The government of Zimbabwe stands accused of being responsible for the alarming unemployment levels in the country.

Zimbabwe Coalition of Unemployed Graduates (ZCUG) said the government needed to be pushed so that they rectified the situation on the ground.

“What Dombo and others did is very important in reminding the president that people are graduating to be come. That was a very important stance which also sends a message to the international community that Zimbabwean citizens are living as paupers. The majority of parents and guardians are struggling to send their children to university so that they have a better life but upon completion of studies there is a sad reality of unemployment. Mugabe has just failed,” ZCUG coordinator, Howard Madya said.

Co-coordinator of ZCUG, Samuel Meso weighed in, saying graduands at all universities must stand up against Mugabe’s ruinous policies.

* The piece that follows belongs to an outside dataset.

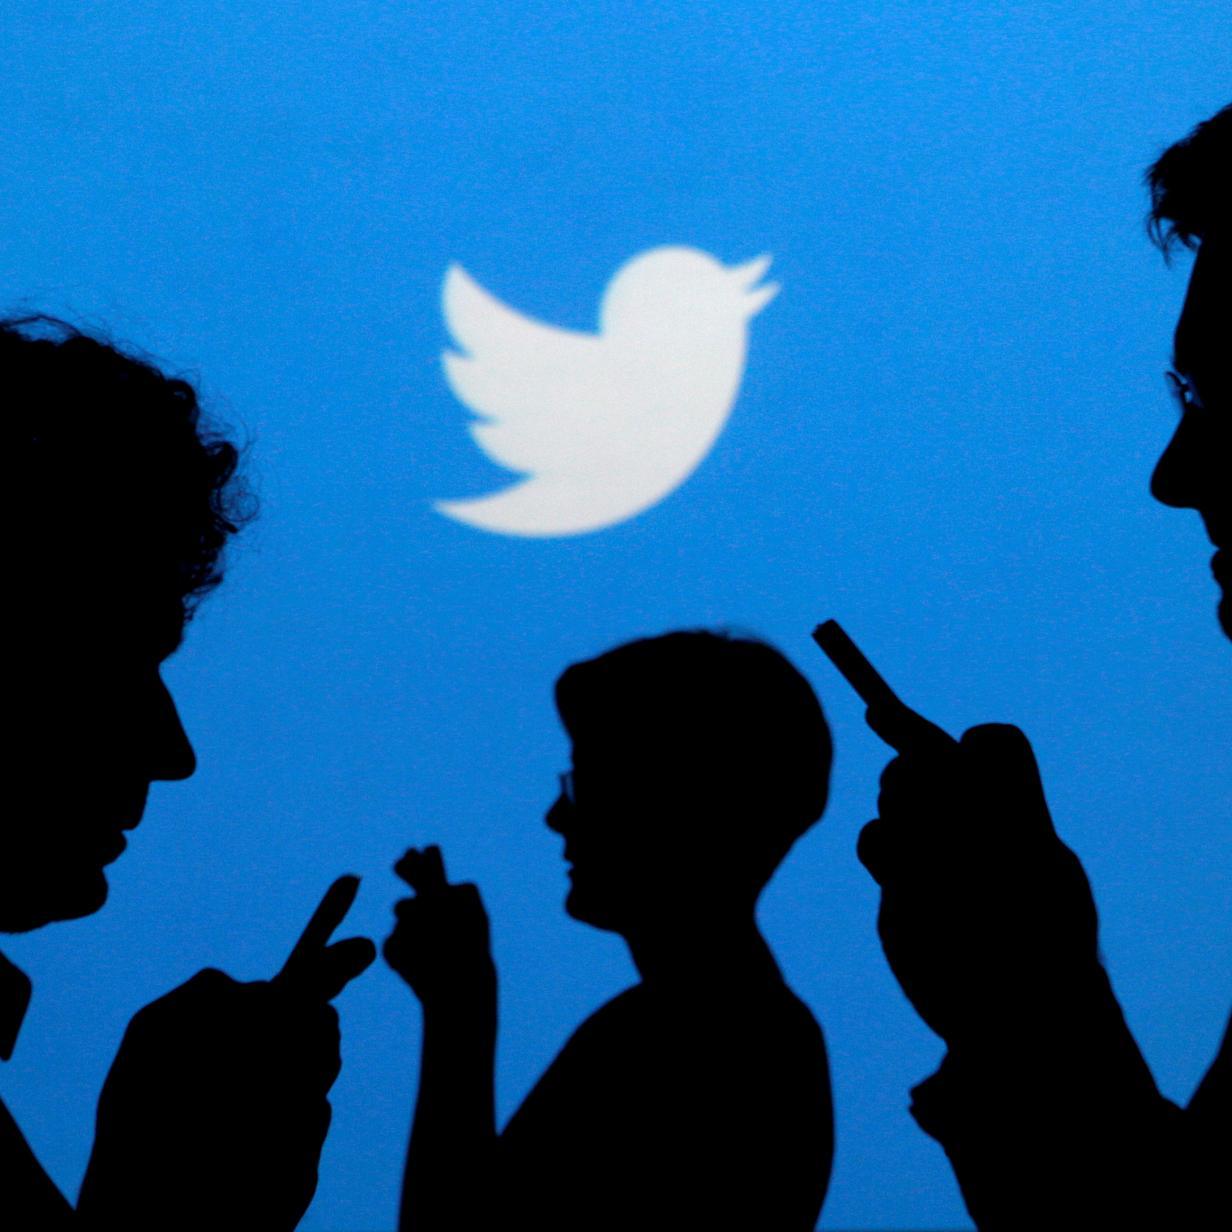 Technische Probleme bei Twitter: Tweets werden offenbar nicht geladen

“The stance taken by Dombo and others at the University of Zimbabwe graduation ceremony should be embraced by all graduands. The wave should spread to other institutions so that we send a clear message. We cannot continue to watch as this government displays lack of political will to provide jobs. Speeches do not bring jobs,” he said.

In February this year, Vendors Initiative for Social and Economic Transformation (Viset) revealed that more than 2 000 university graduates in Harare and Bulawayo alone had resorted to street vending as the economy continued to dwindle in a report titled Unemployment and Economic Shrinkage: From University to the Street.